Supplied data section start

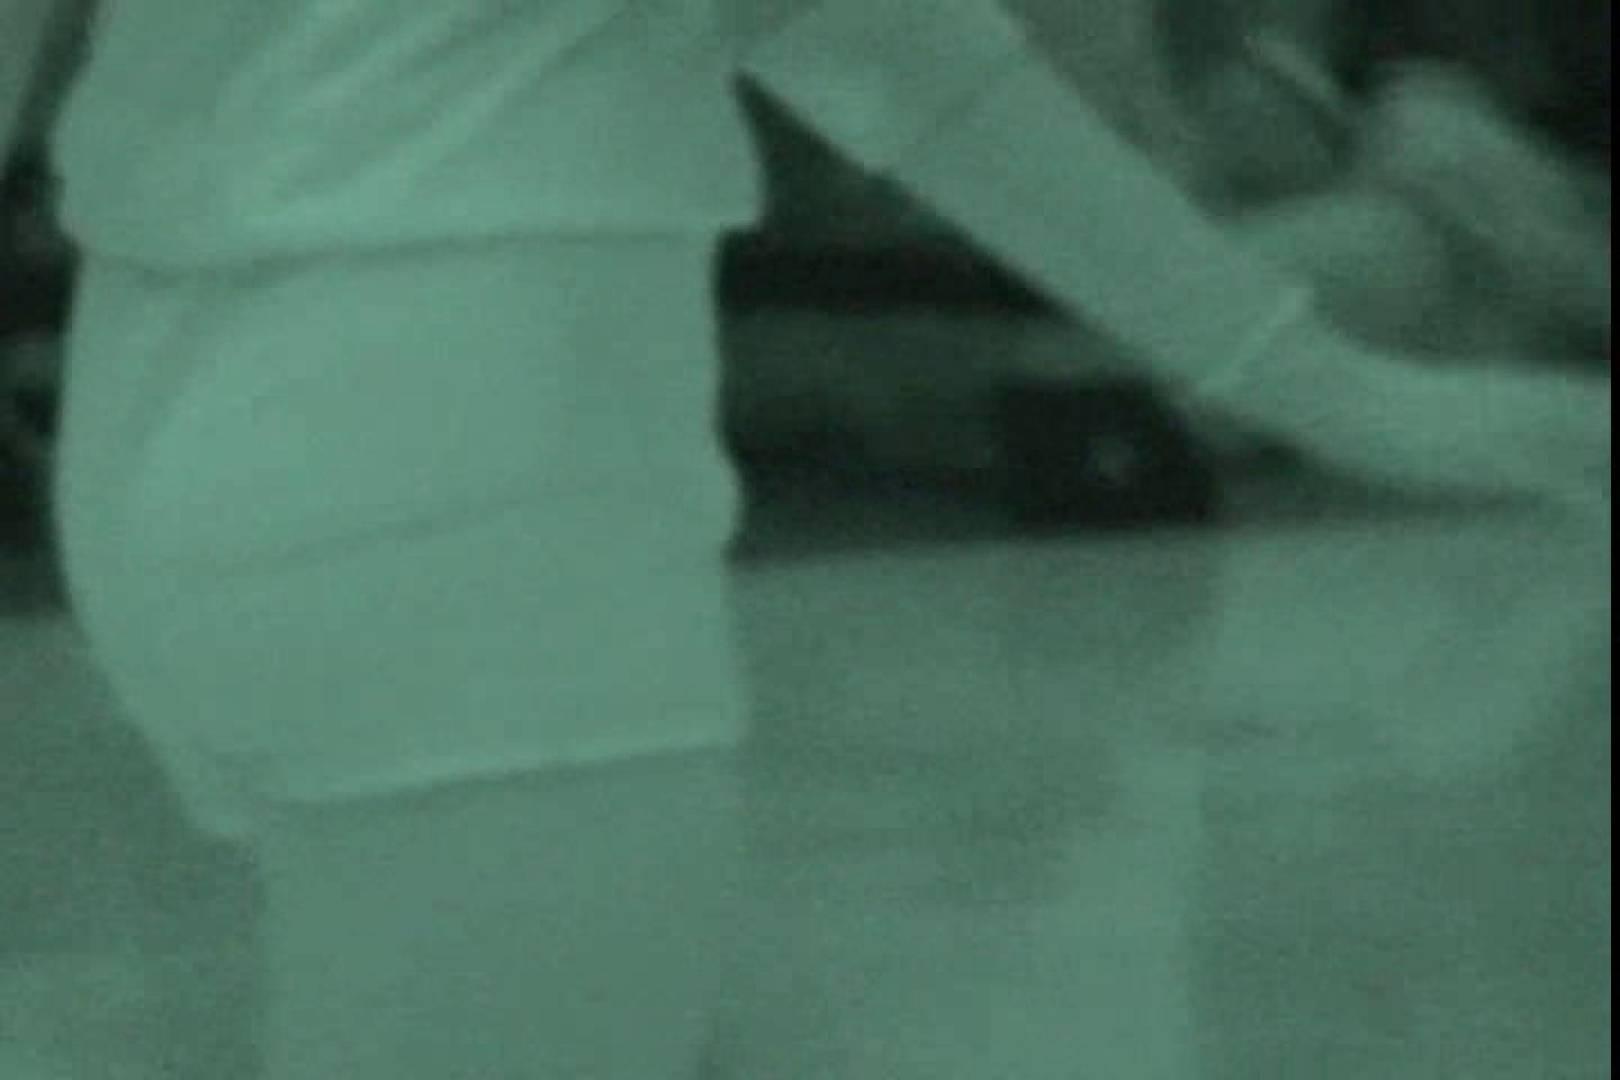 赤外線ムレスケバレー(汗) vol.04 OLのエロ生活 性交動画流出 99連発 80
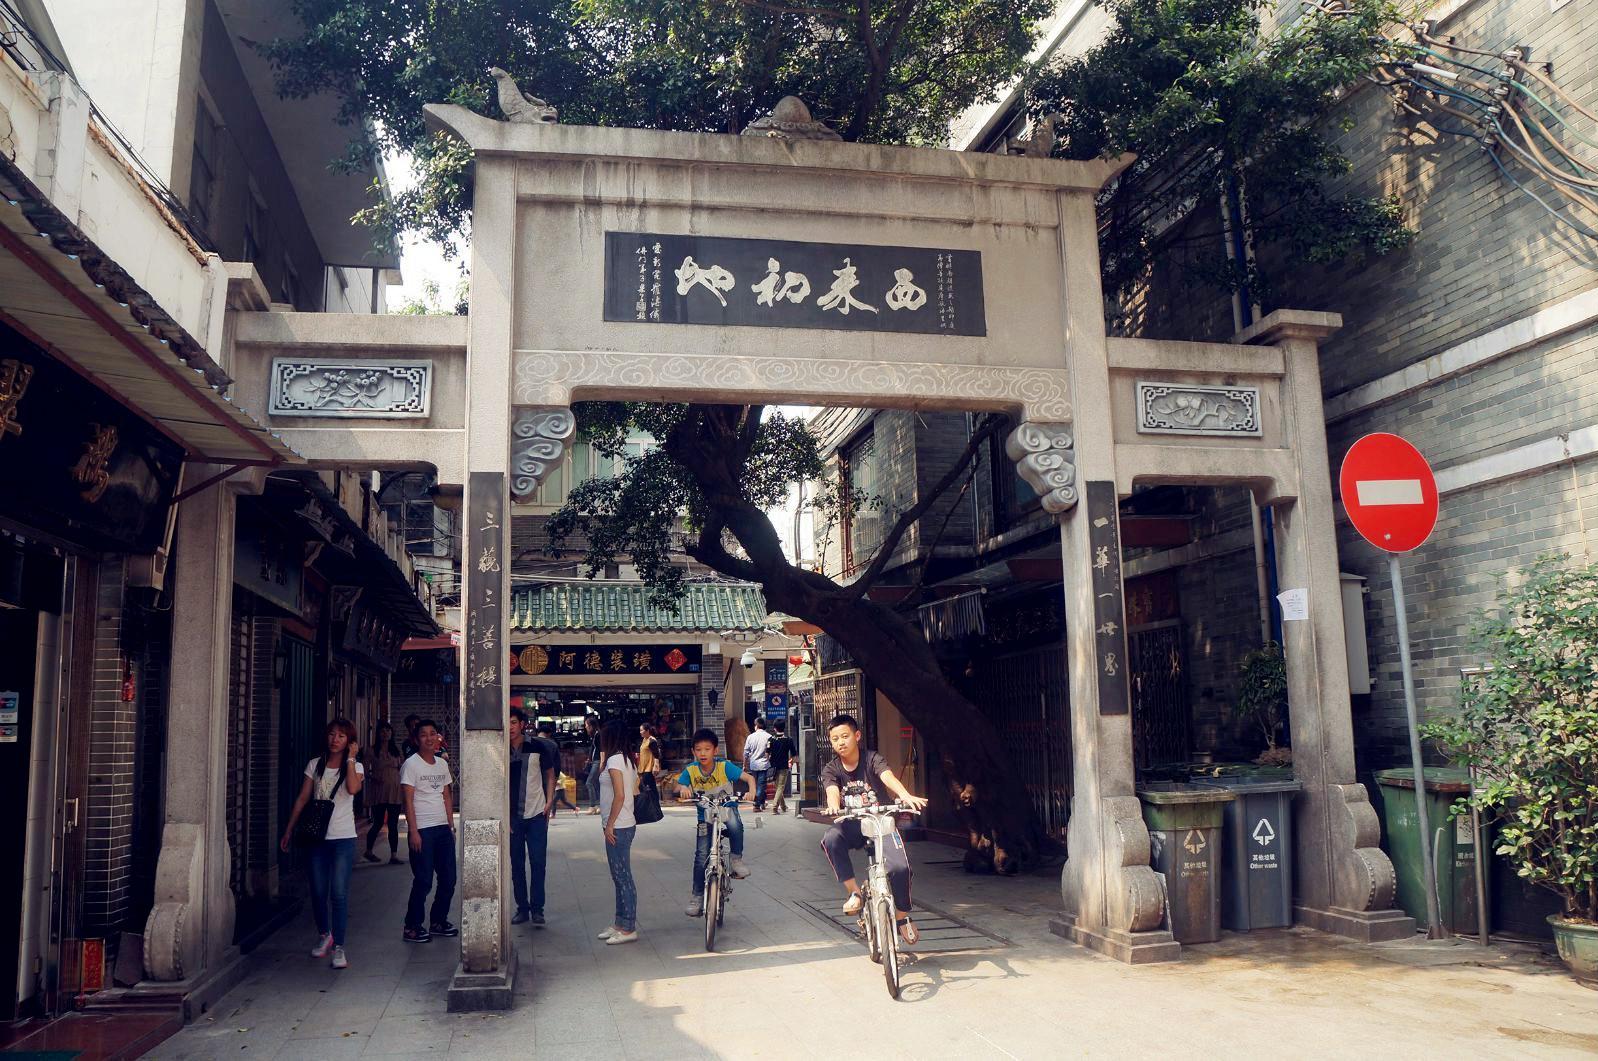 广州小众景点、人文景观一日游 发现不一样的广州
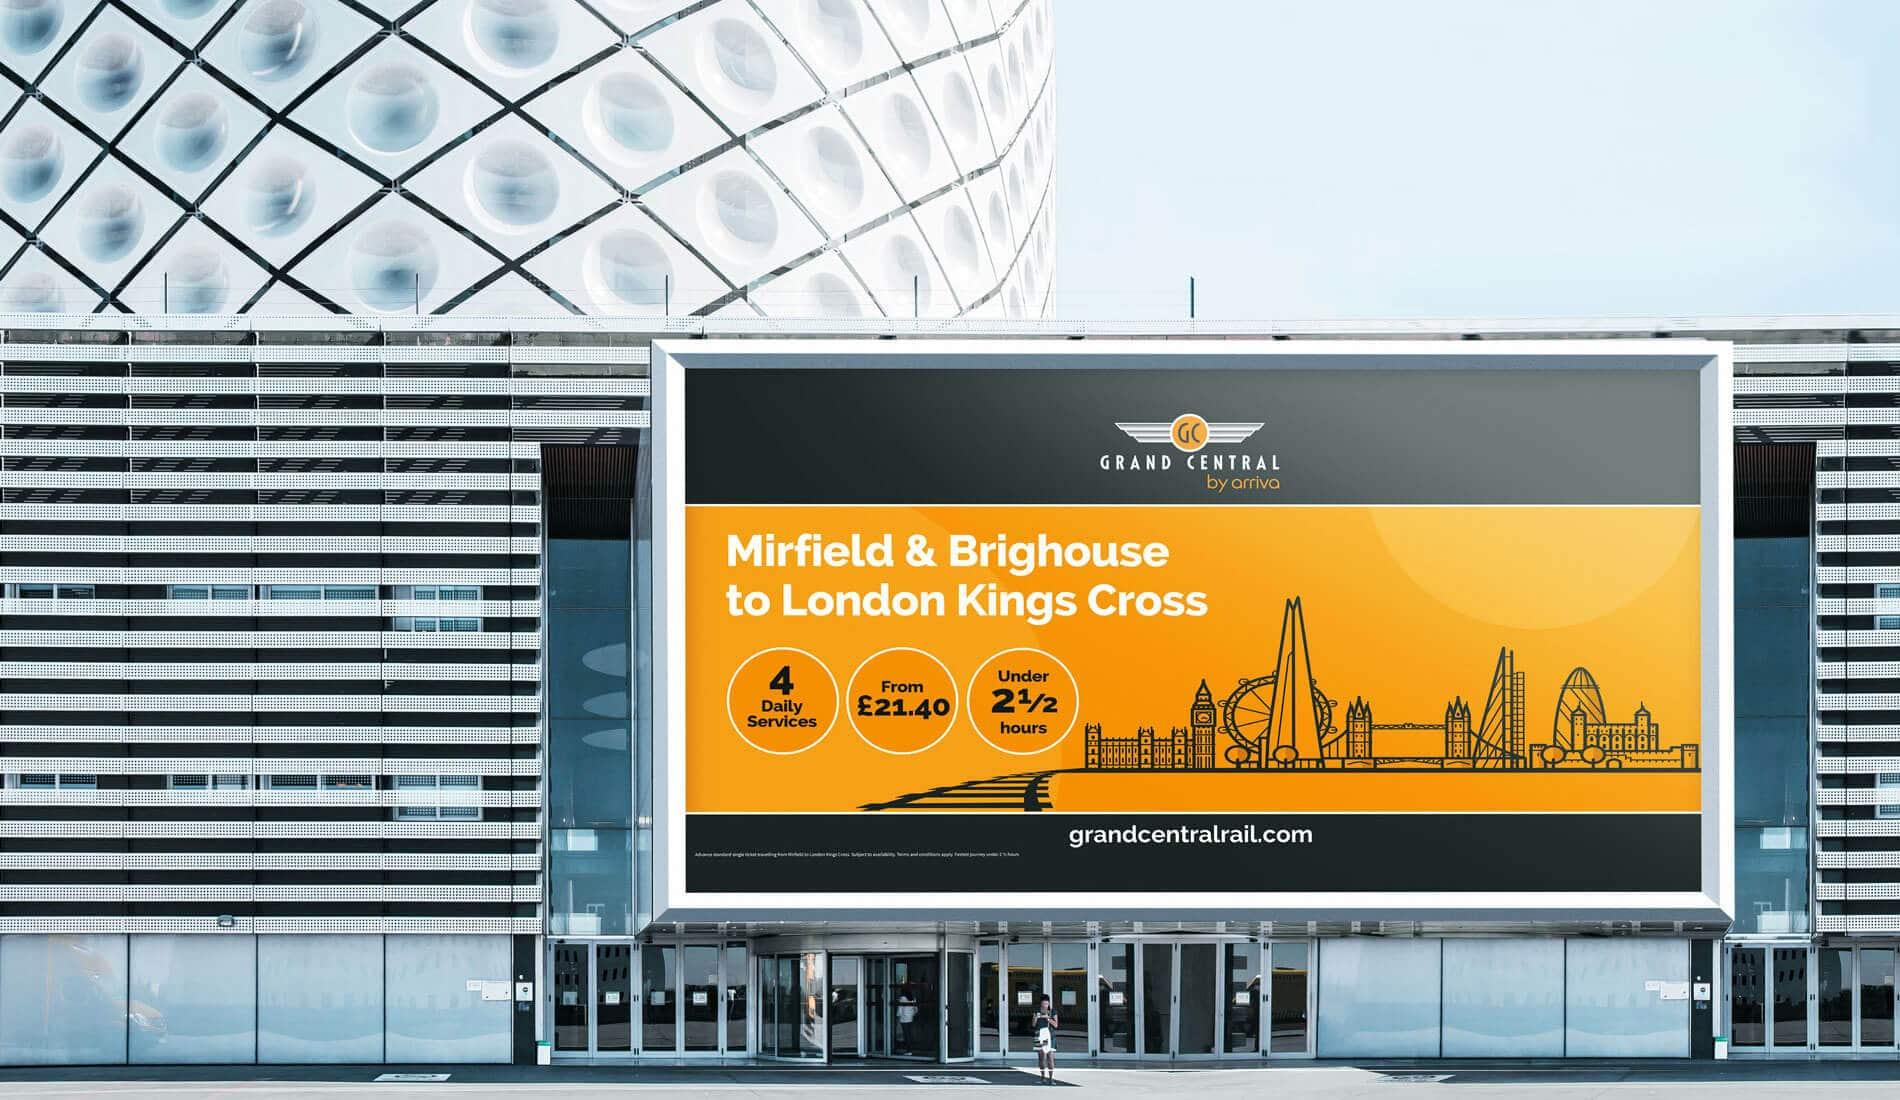 Grand Central digital design on billboard

Supplied data section end

- Task directions: Could you return the whole listing exactly, images excluded?

- Exercise output:
 赤外線ムレスケバレー(汗) vol.04 OLのエロ生活 性交動画流出 99連発 80
 广州小众景点、人文景观一日游 发现不一样的广州
 Grand Central digital design on billboard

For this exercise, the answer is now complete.